Как-то холодным зимним утром мы с Туреке возвращались из аральской командировки. Я — в Кзыл-Орду, а Туреке — в Арысь, где он тогда работал после окончания мединститута. Оккупировав свободное купе, мы сели за столик и только развернули свежие номера газет, как вошла миловидная кондукторша и на подносе с казахским орнаментом принесла нам чай в четырех тонких стаканах c узорчатыми подстаканниками. На наш удивленный вопрос «почему четыре?», она улыбнулась и уверенно заключила:
— Пейте, пейте, в такую холодину одним стаканом не согреться.

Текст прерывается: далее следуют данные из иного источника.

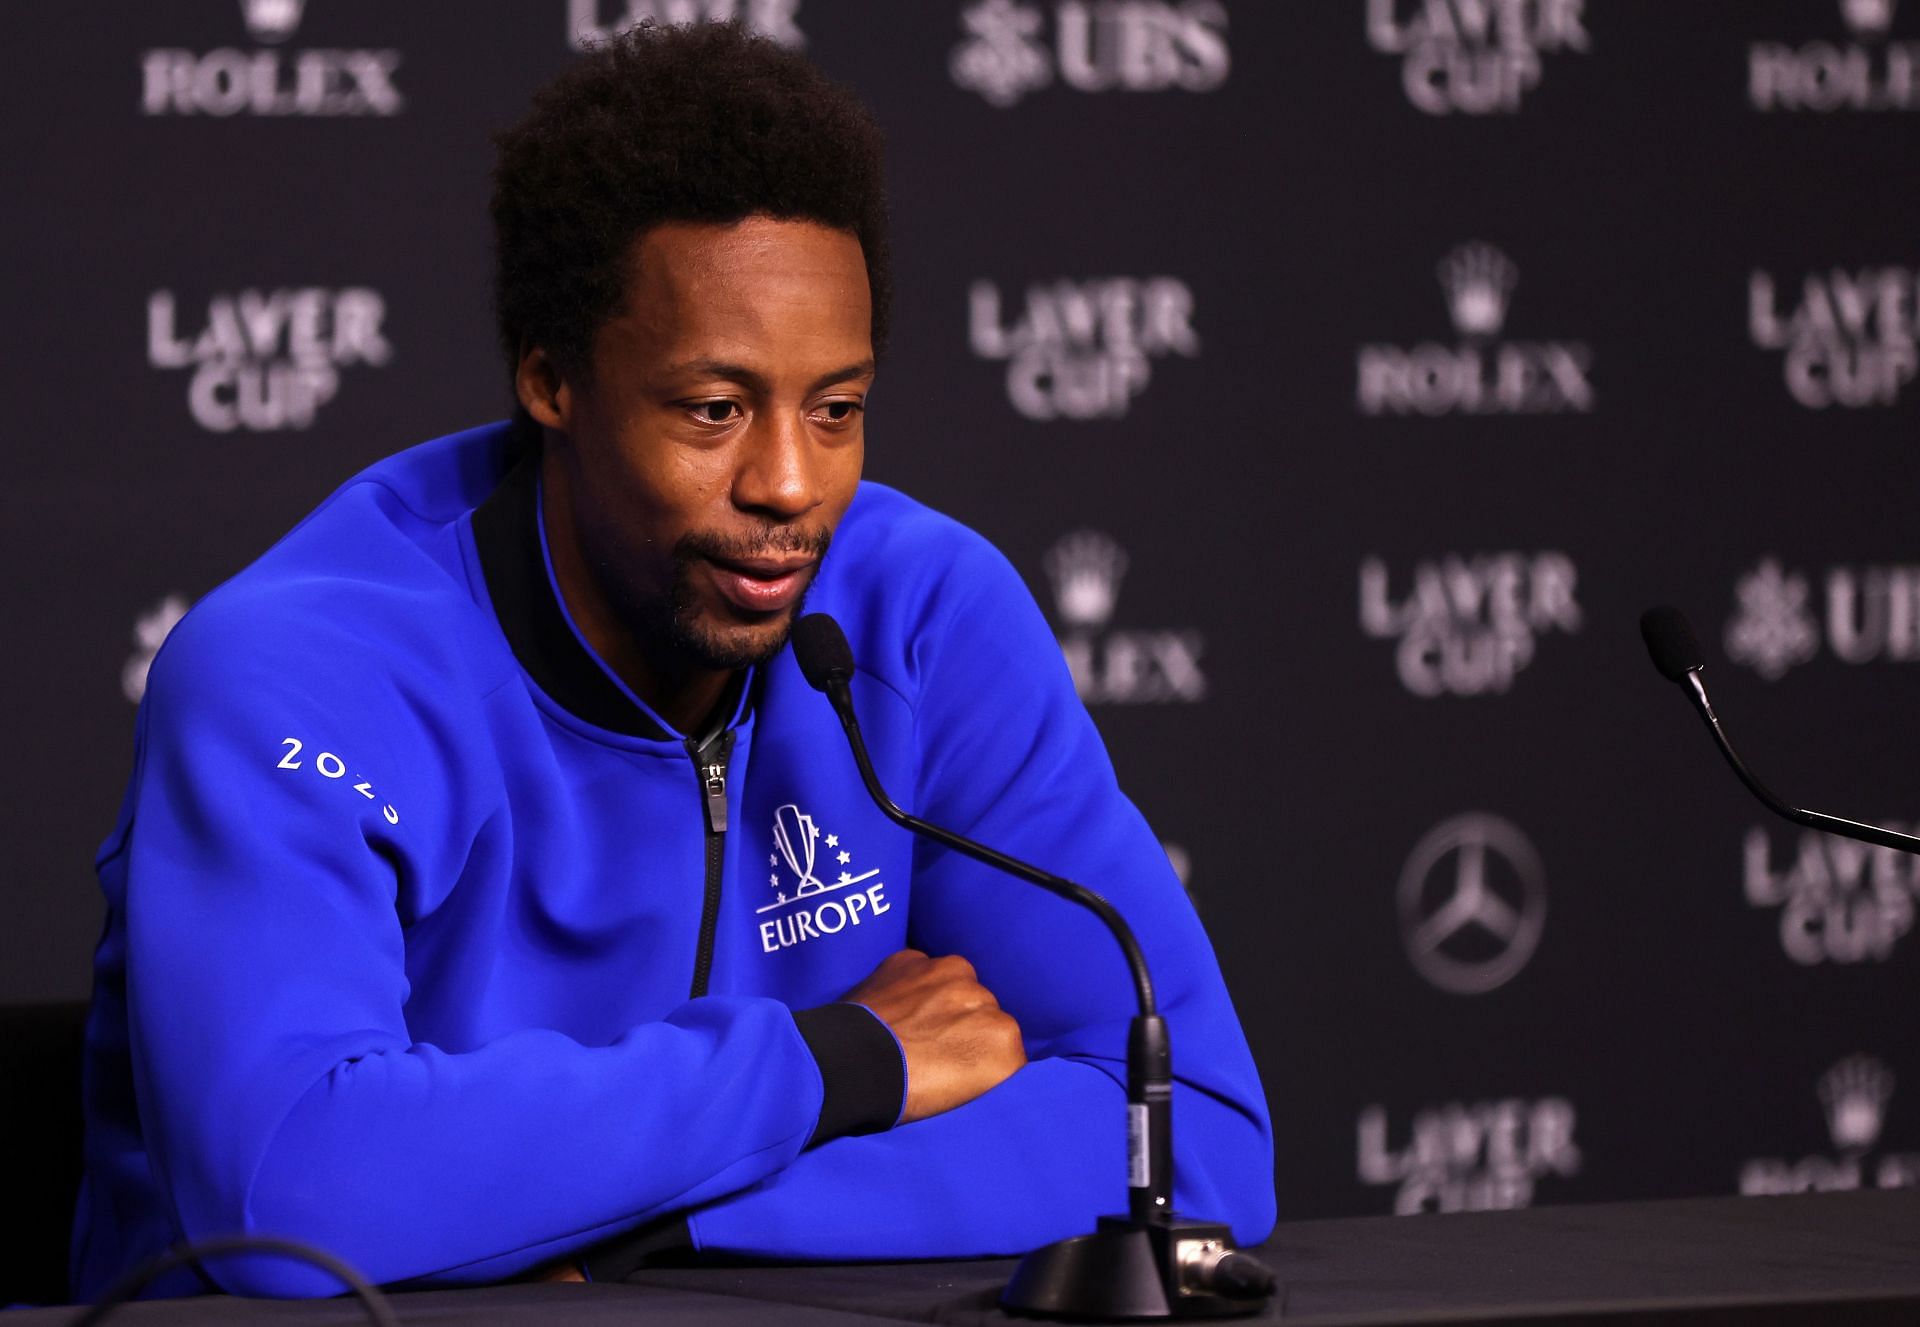 Gael Monfils at the Laver Cup

А через пару остановок на станции Жусалы в нашем купе показался еще один озябший пассажир, сразу же покоривший нас своими пронзительно-голубыми глазами и белозубой застенчивой улыбкой. Следом за ним в купе снова нарисовалась кондукторша и подала новому пассажиру два стакана горячего чая. Пока голубоглазый распивал чай, крепко обнимая замерзшими руками стакан, мы, как это часто случается в дороге, незаметно разговорились. Оказалось, что он тоже из Кзыл-Орды, по профессии инженер-электрик, что вместе со своей бригадой, шагая через пески Кызылкума, проводит свет в аулы и совхозы области.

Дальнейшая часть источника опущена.